Ahmad Usman, Yang Haoxian, Sima Camelia, Buitrago Daniel H, Ripley R Taylor, Suzuki Kei, Bains Manjit S, Rizk Nabil P, Rusch Valerie W, Huang James, Adusumilli Prasad S, Rocco Gaetano, Jones David R
Thoracic Surgery Service, Department of Surgery, Memorial Sloan Kettering Cancer Center, New York, New York.
Thoracic Surgery Service, Department of Surgery, Memorial Sloan Kettering Cancer Center, New York, New York; Department of Thoracic Surgery, Sun Yat-Sen University Cancer Center, Guangzhou City, Guangdong Province, China.
Ann Thorac Surg. 2015 Jul;100(1):215-21; discussion 221-2. doi: 10.1016/j.athoracsur.2015.03.013. Epub 2015 May 20.
We sought to determine the prognostic variables associated with overall survival (OS) and recurrence-free probability (RFP) in patients with primary and secondary sternal tumors treated with surgical resection.
A retrospective analysis of patients who underwent resection of primary or secondary sternal tumors at 2 cancer institutes between 1995 and 2013 was performed. OS and RFP were estimated using the Kaplan-Meier method, and predictors of OS and RFP were analyzed using the Cox proportional hazards model.

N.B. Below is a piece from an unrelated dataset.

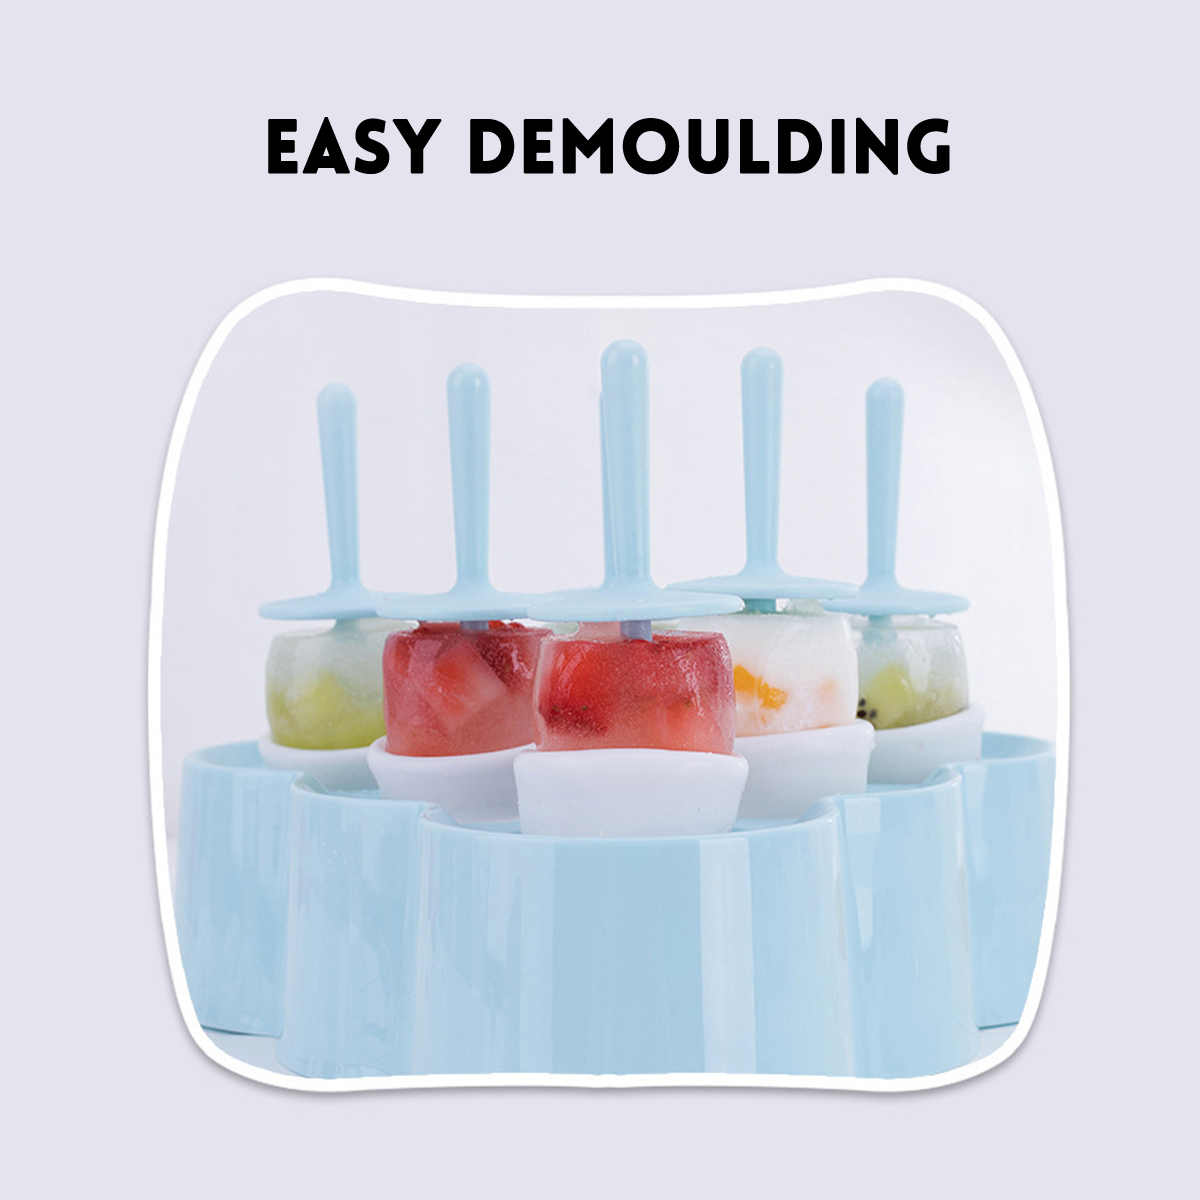 6 Lỗ Silicone Popsicle Khuôn Làm Kem Khuôn Làm Kem Popsicle IcePop Máy Làm Khuôn Mẫu Với Popsicle Dính

Sternal resection was performed in 78 patients with curative (67 [86%]) or palliative (6 [8%]) intent. Seventy-three patients (94%) had malignant tumors, of which 28 (36%) were primary and 45 (57%) were secondary malignancies. Sternal resections were complete in 13 patients (17%) and partial in 65 (83%). There were no perioperative deaths, and grade III/IV complications were noted in 17 patients (22%). The 5-year OS was 80% for patients with primary malignant tumors, 73% for patients with nonbreast secondary malignant tumors, and 58% for patients with breast tumors (p = 0.85). In the overall cohort, R0 resection was associated with prolonged 5-year OS (84% vs 20%) on univariate (p = 0.004) and multivariate (adjusted hazard ratio, 3.37; p = 0.029) analysis. On subgroup analysis, R0 resection was associated with improved OS and RFP only for patients with primary malignant tumors.

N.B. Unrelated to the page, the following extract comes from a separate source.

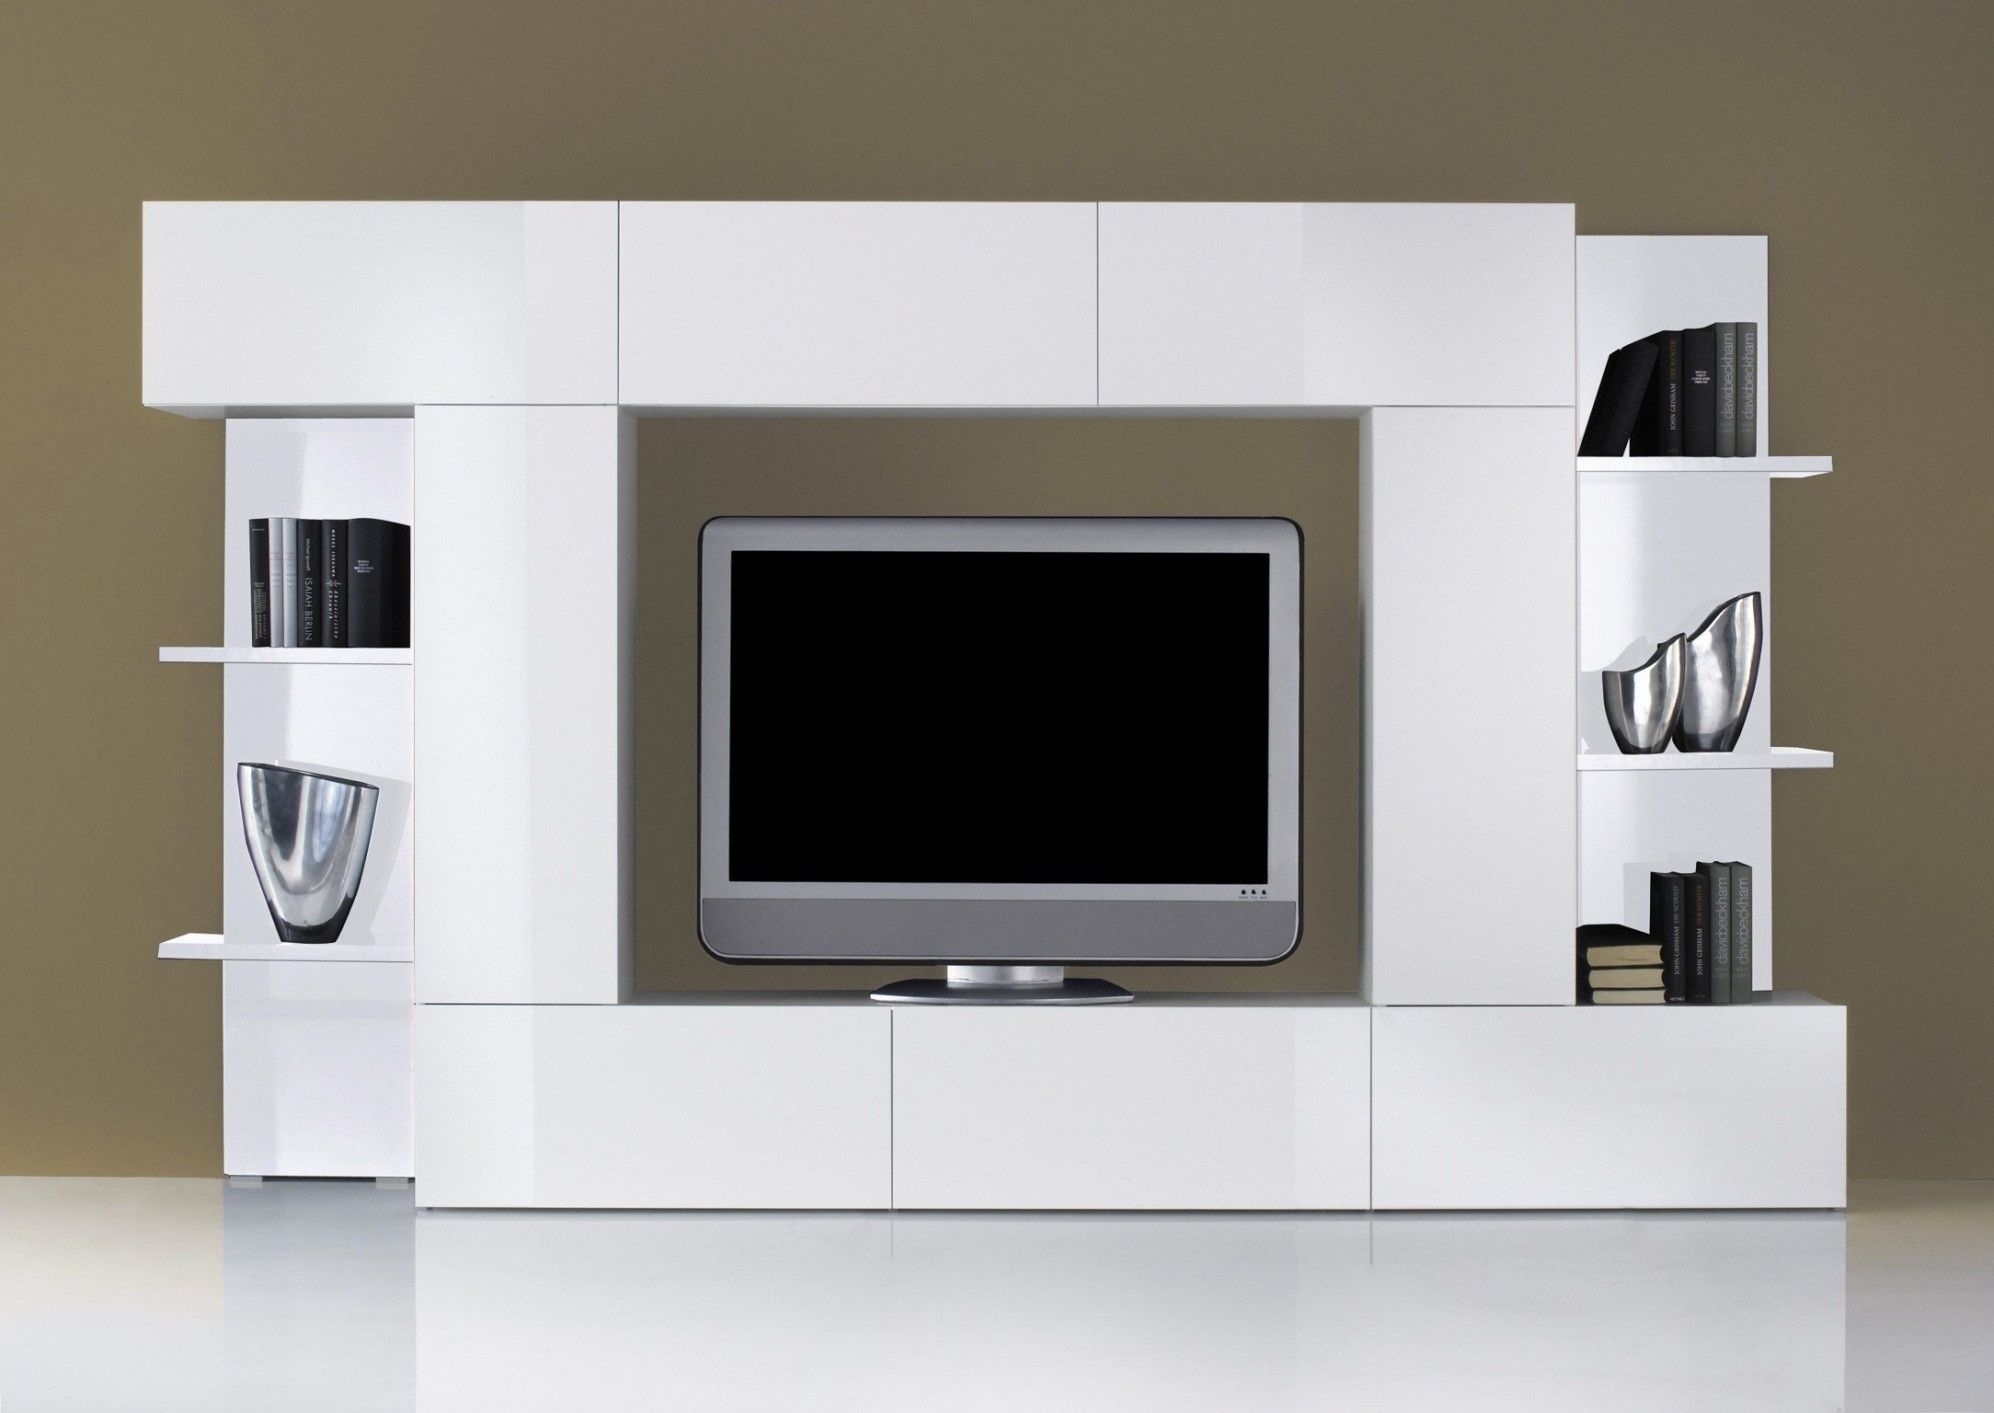 10 Design Meuble Tv Acacia Modele Modern Tv Units Built In Tv Wall Unit Tv Unit Design

Sternal resection can achieve favorable OS for patients with primary and secondary sternal tumors. R0 resection is associated with improved 5-year OS and RFP in patients with primary malignant tumors. We did not detect a similar effect in patients with breast or nonbreast secondary tumors.
我们试图确定接受手术切除治疗的原发性和继发性胸骨肿瘤患者的总生存期(OS)和无复发生存概率(RFP)相关的预后变量。
对1995年至2013年间在2家癌症研究所接受原发性或继发性胸骨肿瘤切除术的患者进行回顾性分析。采用Kaplan-Meier法估计OS和RFP,并使用Cox比例风险模型分析OS和RFP的预测因素。
78例患者接受了胸骨切除术,其中根治性切除67例(86%),姑息性切除6例(8%)。73例(94%)患者患有恶性肿瘤,其中28例(36%)为原发性,45例(57%)为继发性恶性肿瘤。13例(17%)患者胸骨切除完整,65例(83%)患者胸骨切除部分。无围手术期死亡,17例(22%)患者出现Ⅲ/Ⅳ级并发症。原发性恶性肿瘤患者的5年总生存率为80%,非乳腺继发性恶性肿瘤患者为73%,乳腺肿瘤患者为58%(p = 0.85)。在整个队列中,单因素分析(p = 0.004)和多因素分析(调整后风险比,3.37;p = 0.029)显示,R0切除与5年总生存期延长相关(84%对20%)。亚组分析显示,仅原发性恶性肿瘤患者的R0切除与总生存期和无复发生存概率改善相关。
胸骨切除术可使原发性和继发性胸骨肿瘤患者获得良好的总生存期。R0切除与原发性恶性肿瘤患者5年总生存期和无复发生存概率改善相关。我们在乳腺或非乳腺继发性肿瘤患者中未发现类似效果。